Merge pull request #100614 from nibaccam/guardrails

PRMerger18 · web-flow · commit fb2efbafebb2 · 2020-01-10T13:49:50.000-08:00
Add guardrails
diff --git a/articles/machine-learning/concept-automated-ml.md b/articles/machine-learning/concept-automated-ml.md
@@ -93,7 +93,7 @@ In every automated machine learning experiment, your data is automatically scale
 
 ### Advanced preprocessing: optional featurization
 
-Additional advanced preprocessing and featurization are also available, such as missing values imputation, encoding, and transforms. [Learn more about what featurization is included](how-to-create-portal-experiments.md#preprocess). Enable this setting with:
+Additional advanced preprocessing and featurization are also available, such as data guardrails, encoding, and transforms. [Learn more about what featurization is included](how-to-create-portal-experiments.md#preprocess). Enable this setting with:
 
 + Azure Machine Learning studio: Selecting the **View featurization settings** in the **Configuration Run** section [with these steps](how-to-create-portal-experiments.md).
 
@@ -160,7 +160,7 @@ Learn more and see an example of [automated machine learning for time series for
 
 * holiday detection and featurization
 * time-series and DNN learners (Auto-ARIMA, Prophet, ForecastTCN)
-* many model support through grouping
+* many models support through grouping
 * rolling-origin cross validation
 * configurable lags
 * rolling window aggregate features
diff --git a/articles/machine-learning/how-to-create-portal-experiments.md b/articles/machine-learning/how-to-create-portal-experiments.md
@@ -146,11 +146,12 @@ Variance| Measure of how far spread out this column's data is from its average v
 Skewness| Measure of how different this column's data is from a normal distribution.

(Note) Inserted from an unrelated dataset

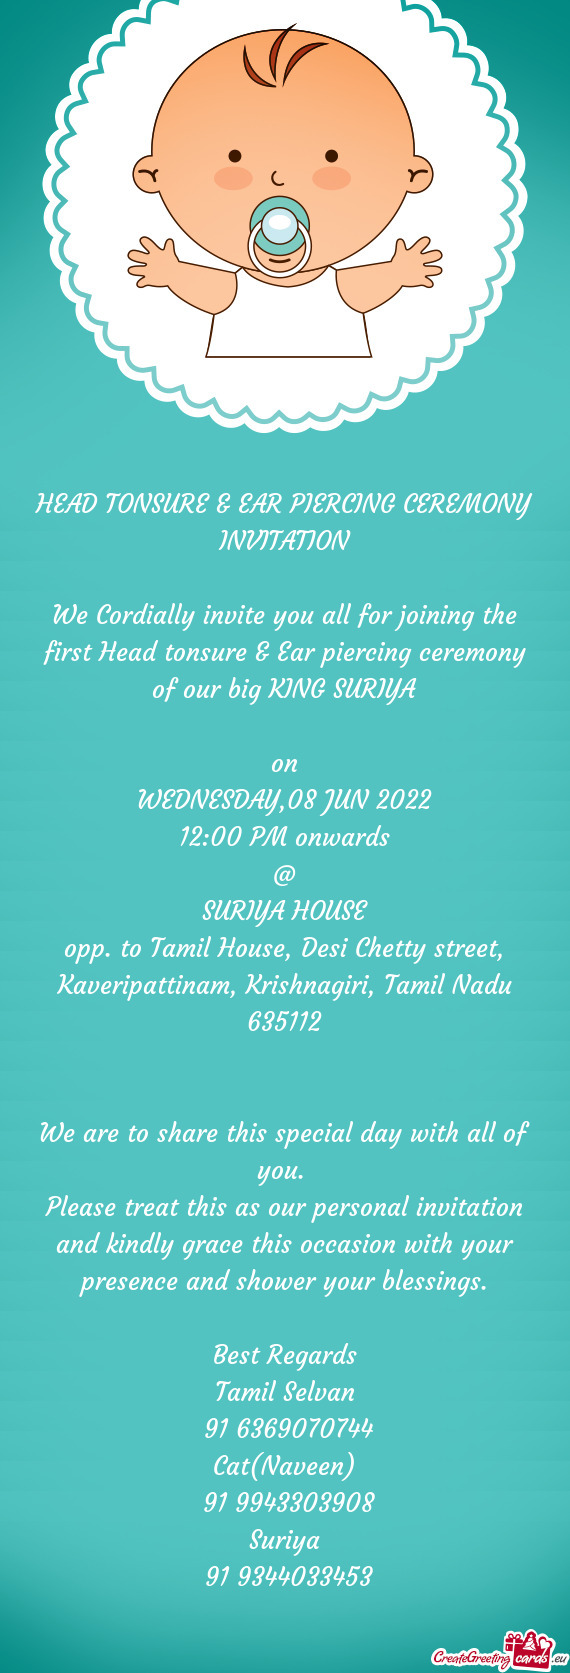 We Cordially invite you all for joining the first Head tonsure & Ear piercing ceremony of our big KI

 Kurtosis| Measure of how heavily tailed this column's data is compared to a normal distribution.
 
+
 <a name="preprocess"></a>
 
 ## Advanced preprocessing options
 
-When configuring your experiments, you can enable the advanced setting `Preprocess`. Doing so means that the following data preprocessing and featurization steps are performed automatically.

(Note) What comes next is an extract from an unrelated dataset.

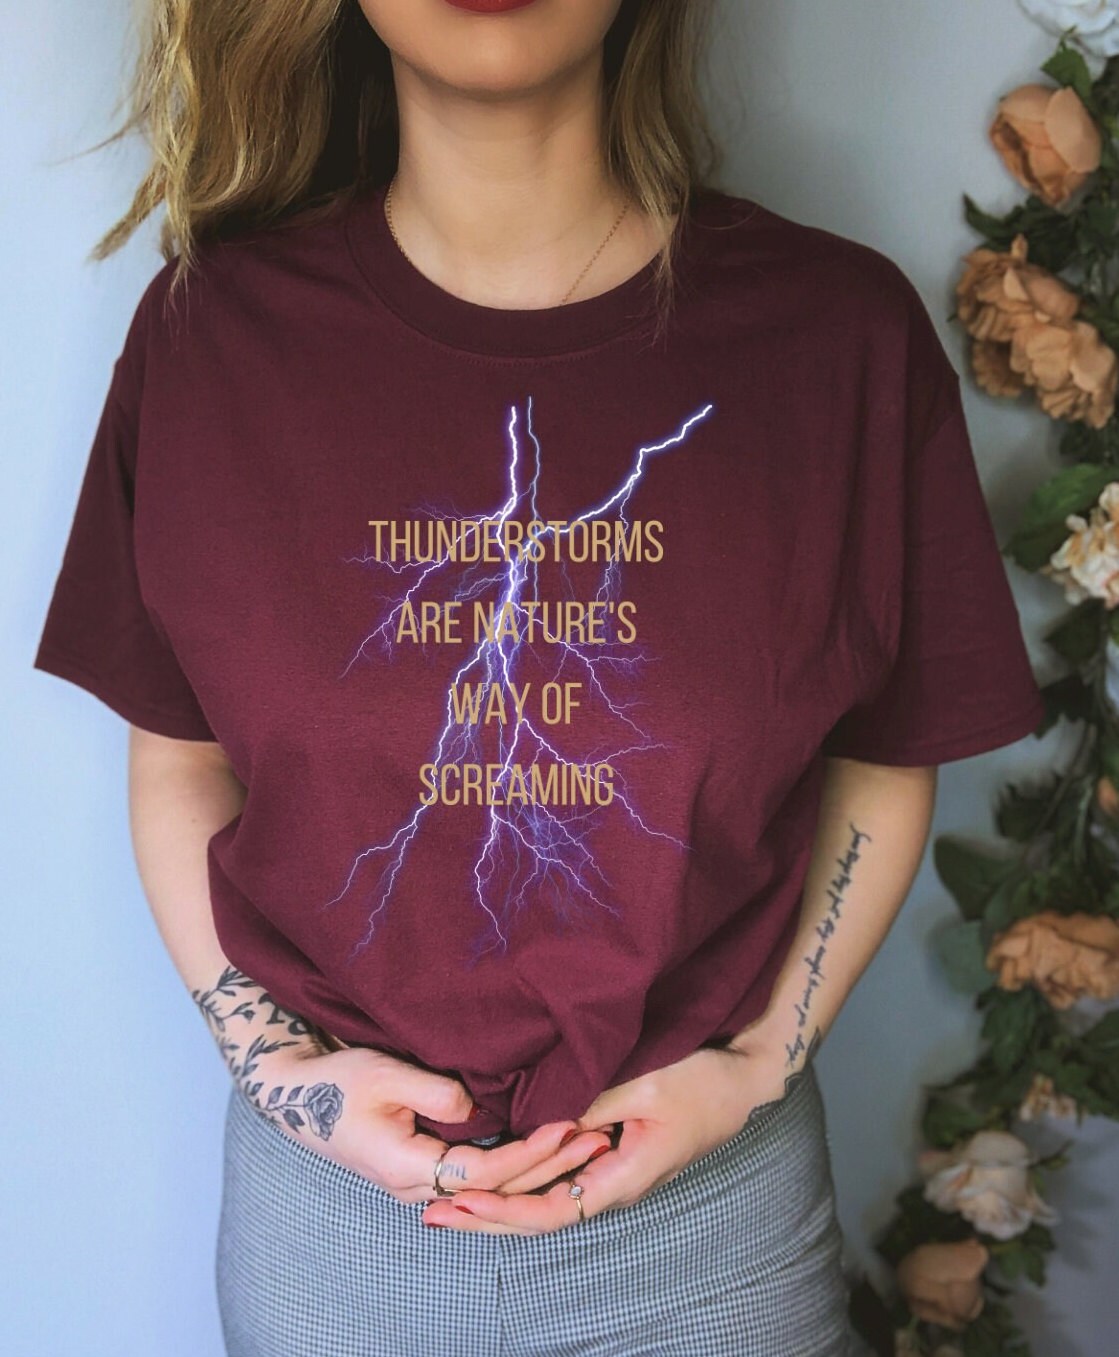 Violet Lightning Storm. , Where All The Street Stopping Style T-shirts Go!  Looking for A Funny T-Shirt, A Cool T-Shirt, A Crazy T-shirt?

+When configuring your experiments, you can enable the advanced setting `Preprocess`. Doing so means that as part of preprocessing the following data guardrails and featurization steps are performed automatically.
 
 |Preprocessing&nbsp;steps| Description |
 | ------------- | ------------- |
@@ -164,6 +165,20 @@ When configuring your experiments, you can enable the advanced setting `Preproce
 |Weight of Evidence (WoE)|Calculates WoE as a measure of correlation of categorical columns to the target column. It is calculated as the log of the ratio of in-class vs out-of-class probabilities. This step outputs one numerical feature column per class and removes the need to explicitly impute missing values and outlier treatment.|
 |Cluster Distance|Trains a k-means clustering model on all numerical columns.  Outputs k new features, one new numerical feature per cluster, containing the distance of each sample to the centroid of each cluster.|
 
+### Data guardrails
+
+Automated machine learning offers data guardrails to help you identify potential issues with your data (e.g., missing values, class imbalance) and help take corrective actions for improved results. There are many best practices that are available and can be applied to achieve reliable results. 
+
+The following table describes the currently supported data guardrails, and the associated statuses that users may come across when submitting their experiment.
+
+Guardrail|Status|Condition&nbsp;for&nbsp;trigger
+---|---|---
+Missing&nbsp;values&nbsp;imputation |**Passed** <br> <br> **Fixed**|	No missing value in any of the input&nbsp;columns <br> <br> Some columns have missing values
+Cross validation|**Done**|If no explicit validation set is provided
+High&nbsp;cardinality&nbsp;feature&nbsp;detection|	**Passed** <br> <br>**Done**|	No high cardinality features were detected <br><br> High cardinality input columns were detected
+Class balance detection	|**Passed** <br><br><br>**Alerted** |Classes are balanced in the training data; A dataset is considered balanced if each class has good representation in the dataset, as measured by number and ratio of samples <br> <br> Classes in the training data are imbalanced
+Time-series data consistency|**Passed** <br><br><br><br> **Fixed** |<br> The selected {horizon, lag, rolling window} value(s) were analyzed, and no potential out-of-memory issues were detected. <br> <br>The selected {horizon, lag, rolling window} values were analyzed and will potentially cause your experiment to run out of memory. The lag or rolling window has been turned off.
+
 ## Run experiment and view results
 
 Select **Start** to run your experiment. The experiment preparing process can take up to 10 minutes. Training jobs can take an additional 2-3 minutes more for each pipeline to finish running.